Computational systems biology approach predicts regulators and targets of microRNAs and their genomic hotspots in apoptosis process

Abstract

Novel computational systems biology tools such as common targets analysis, common regulators analysis, pathway discovery, and transcriptomic-based hotspot discovery provide new opportunities in understanding of apoptosis molecular mechanisms. In this study, after measuring the global contribution of microRNAs in the course of apoptosis by Affymetrix platform, systems biology tools were utilized to obtain a comprehensive view on the role of microRNAs in apoptosis process. Network analysis and pathway discovery highlighted the crosstalk between transcription factors and microRNAs in apoptosis. Within the transcription factors, PRDM1 showed the highest upregulation during the course of apoptosis, with more than 9-fold expression increase compared to non-apoptotic condition.
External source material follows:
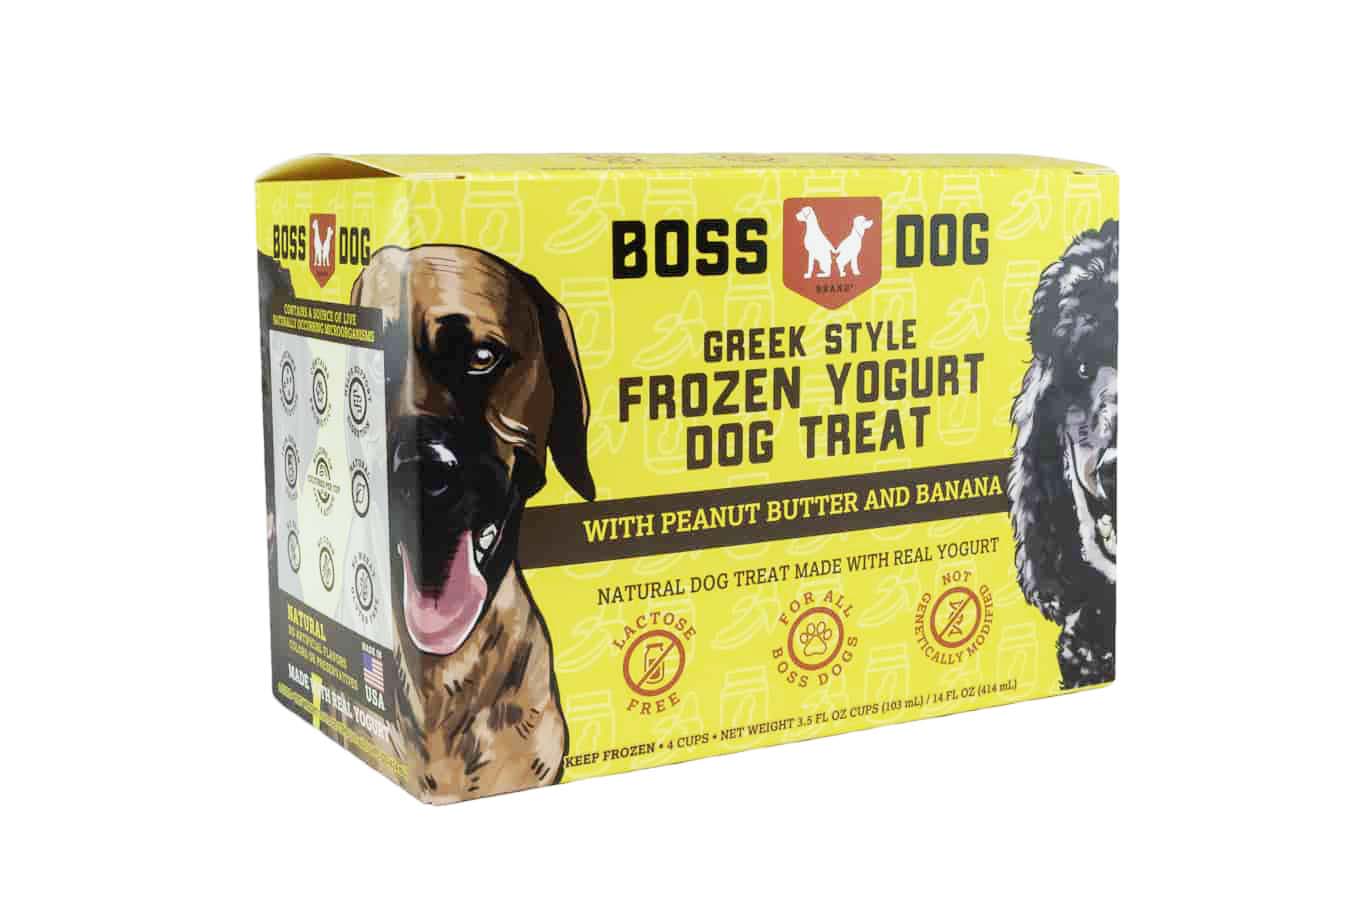 Brand: Boss Dog

Within the microRNAs, MIR1208 showed the highest expression in non-apoptotic condition and downregulated by more than 6 fold during apoptosis. Common regulators algorithm showed that TNF receptor is the key upstream regulator with a high number of regulatory interactions with the differentially expressed microRNAs. BCL2 and AKT1 were the key downstream targets of differentially expressed microRNAs. Enrichment analysis of the genomic locations of differentially expressed microRNAs led us to the discovery of chromosome bands which were highly enriched (p < 0.01) with the apoptosis-related microRNAs, such as 13q31.3, 19p13.13, and Xq27.3 This study opens a new avenue in understanding regulatory mechanisms and downstream functions in the course of apoptosis as well as distinguishing genomic-enriched hotspots for apoptosis process.